It was a year when 'Oppenheimer' swept the Oscars but Ryan Gosling stole the show with his performance of 'I'm Just Ken'.
It was also the year when Saoirse Ronan once again aced her roles in two films and Cillian Murphy delivered arguably the best movie performance of his career.
2024 saw Denis Villeneuve open the door to a 'Dune' trilogy, while successful films about a Mexican drug gang leader seeking a sex change and a gay writer encountering the ghosts of his dead parents were common place when in the past they would have been unthinkable.
As Pomona ranks the top 10 films it saw this year, who made the list and where are they placed?
10. THE OUTRUN (Nora Fingscheidt)
There have been many movies about alcoholism over the decades but few have been as intriguing as Nora Fingscheidt's tale of a young woman coming to terms with her addiction on the Orkney Islands.
Saoirse Ronan turns in another great performance in a stellar career as Rona who returns to her family home after her life falls apart in London.
Flitting between her struggle to beat her addiction on the Scottish islands and flashbacks of her life in London, Fingscheidt's adaptation of Amy Lipton's memoir of the same name really dives deep into the psychology of addiction.
At the same time, it avoids all the usual addiction drama clichés through some incredibly smart visual metaphors and impressively captured images of the Orkneys and London by cinematographer Yunus Roy Imer.

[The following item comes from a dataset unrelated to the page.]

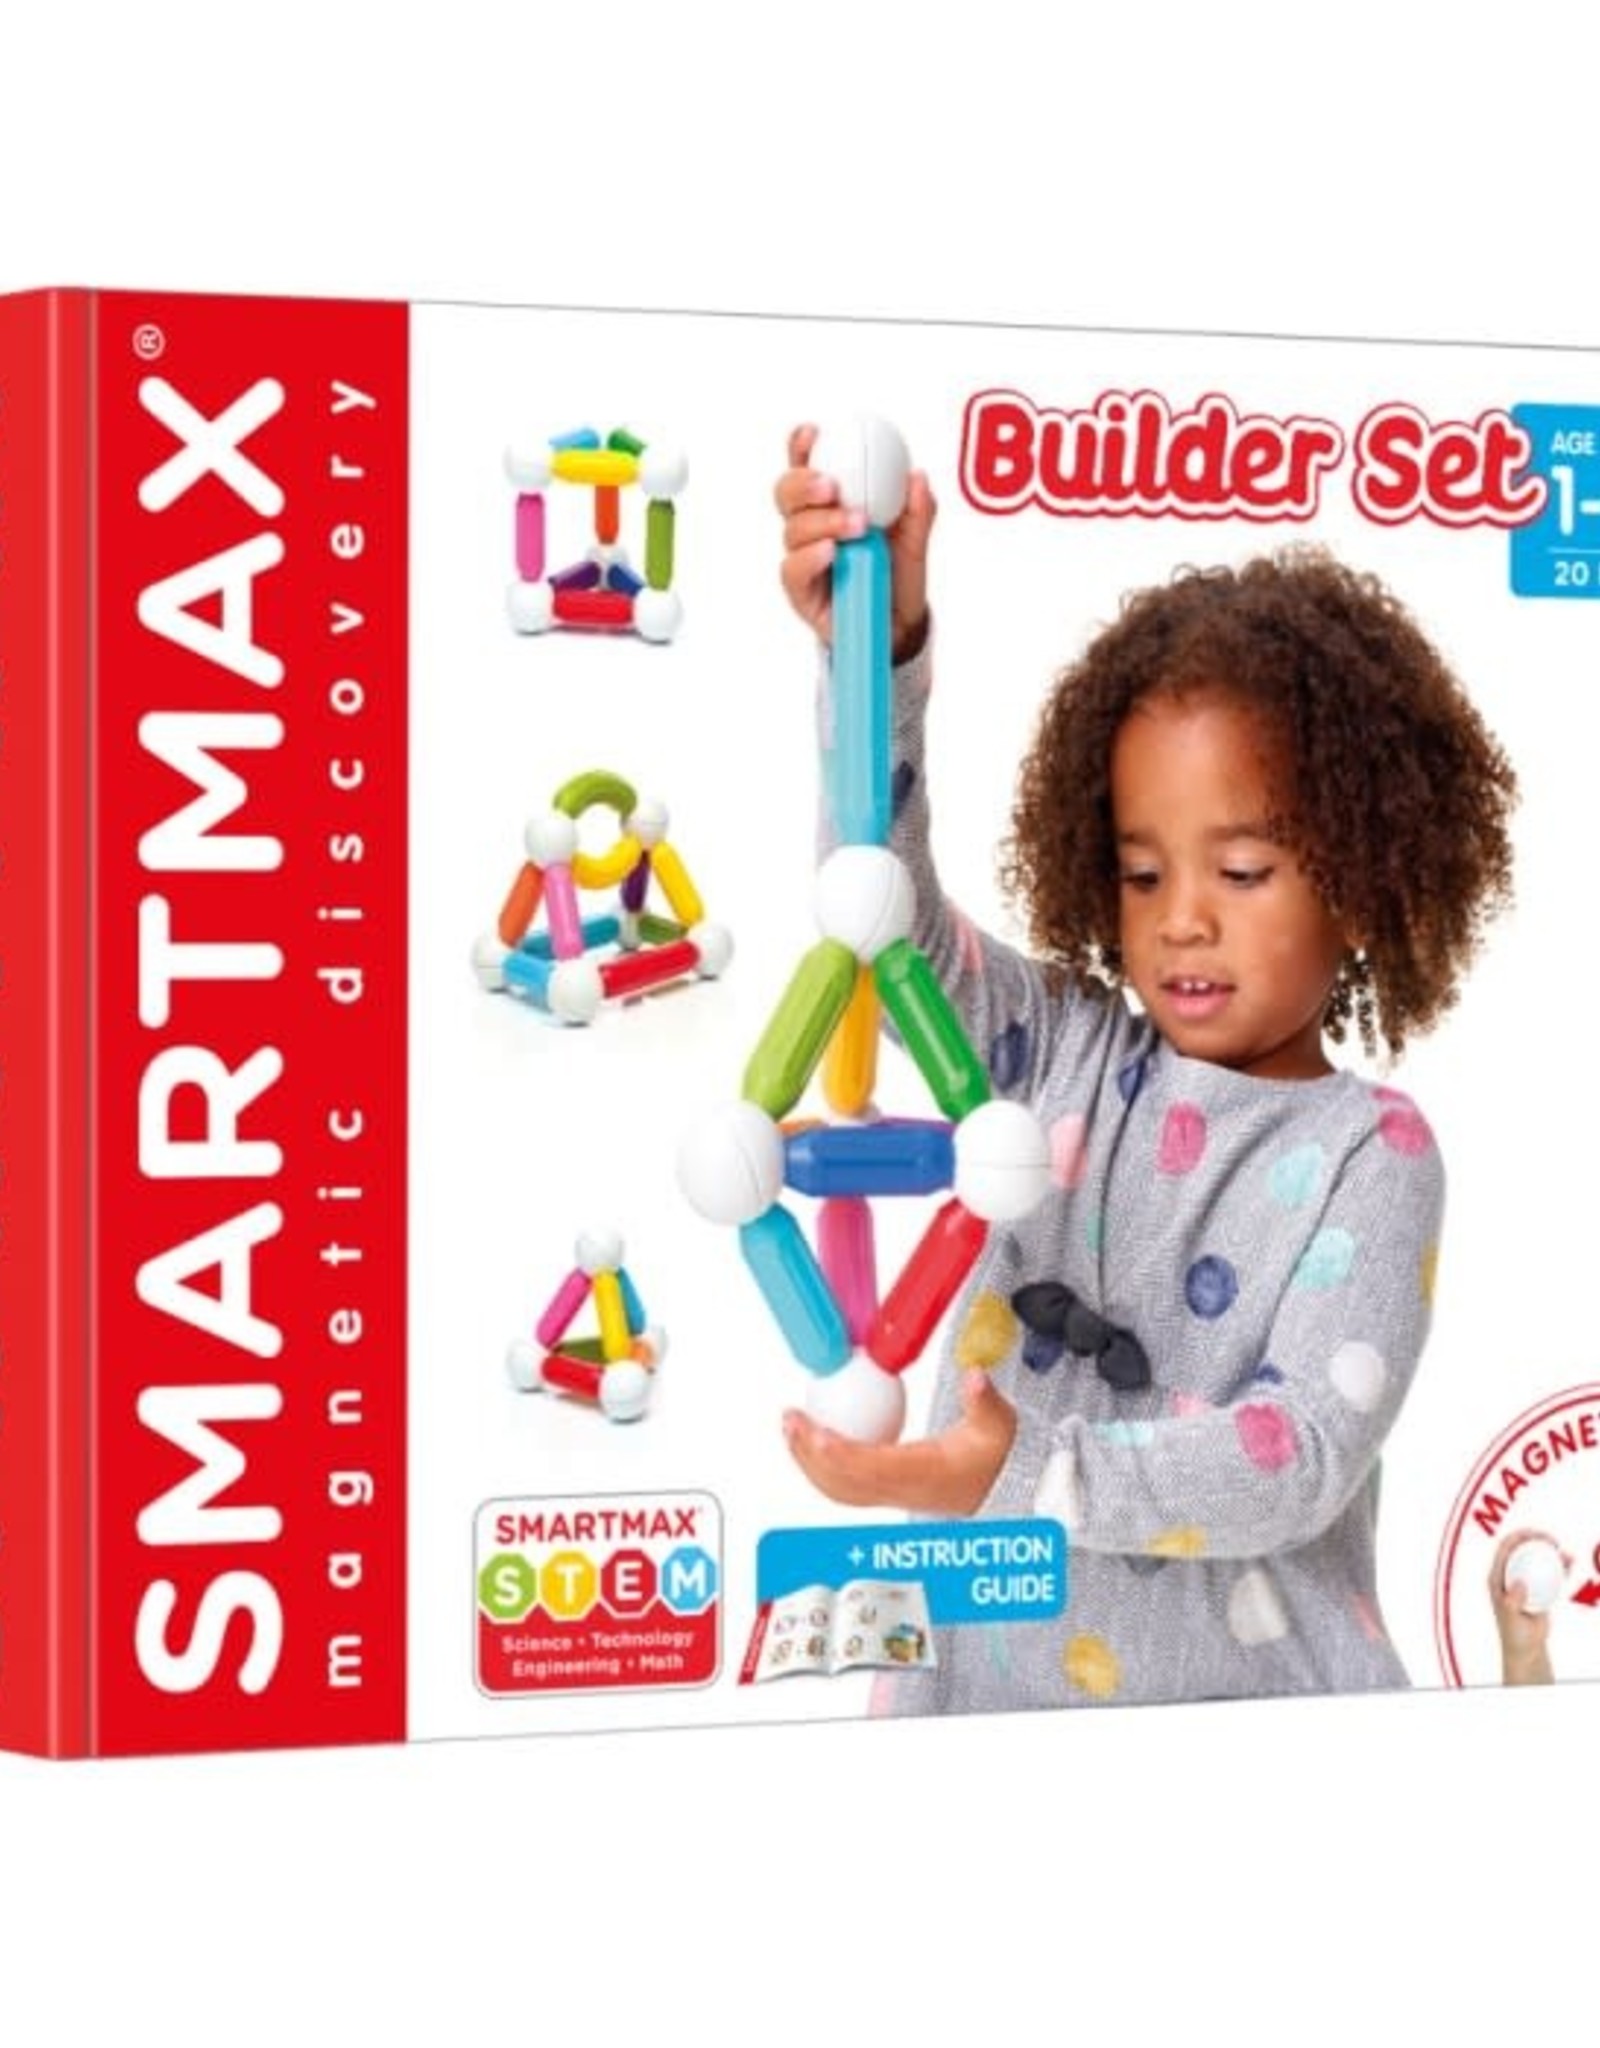 Smartmax Builder set

Stephen Dillane and Saskia Reeves are terrific as Rona's parents, while Paapa Essiedu and Izuka Hoyle also make significant contributions as her boyfriend and close friend in London who cannot prevent her life disintegrating.
It is to Fingscheidt's credit that 'The Outrun' never slides into melodrama or goes over the top in its romanticisation of the undoubtedly stunning, isolated landscapes of the Orkneys.
This slice of cinema verite is Ronan's film and if it doesn't land her another Best Actress nomination at the Oscars, then that would be a major injustice.
9. DUNE, PART II (Denis Villeneuve)
After the impressive epic sweep of his first instalment of Frank Herbert's cult sci-fi classic in 2021, Denis Villeneuve returned with an even more jaw dropping sequel.
Now living among the desert dwelling rebels known as the Fremen, Timothee Chalamet's Paul Atriedes finds himself torn between his love for Zendaya's warrior Chani and the weight of expectation that he might be a prophet.
Can he defeat the forces of darkness led by Stellan Skarsgard's Baron Vladimir Harkkonen, Dave Bautista's thuggish Rabban and Austin Butler's Feyd-Rautha?
With Christopher Walken, Florence Pugh and Lea Seydoux joining returning cast members Javier Bardem, Josh Brolin, Charlotte Rampling and Rebecca Ferguson as Paul's mother Lady Jessica, the French Canadian director takes his audience to places they might not expect.
Visually stunning CGI effects, epic sets and eye catching costumes help make this a superior blockbuster that's galaxies away from the empty spectacle that most Marvel superhero movies have been.
Villeneuve and Jon Spaihts' intelligent screenplay and their willingness to tackle big themes like faith, power, corruption and betrayal sets this version apart from previous adaptations of 'Dune' and other shallow sci-fi franchise epics.
It's a monumental achievement. Roll on Part III.
8.BLITZ (Steve McQueen)
Is Steve McQueen capable of making a disappointing movie?
From 'Hunger' and 'Shame' to the Oscar Best Picture winning 'Twelve Years A Slave,' 'Widows' and the 'Small Axe' anthology, he's been one of the most impressive directors of the past 16 years - taking on the toughest of subjects and fashioning graceful, compelling, visually striking stories around them.
'Blitz' is no different.
On one level it's an affectionate tribute to his home city of London and the resilience its population showed in the face of Nazi aerial bombardments.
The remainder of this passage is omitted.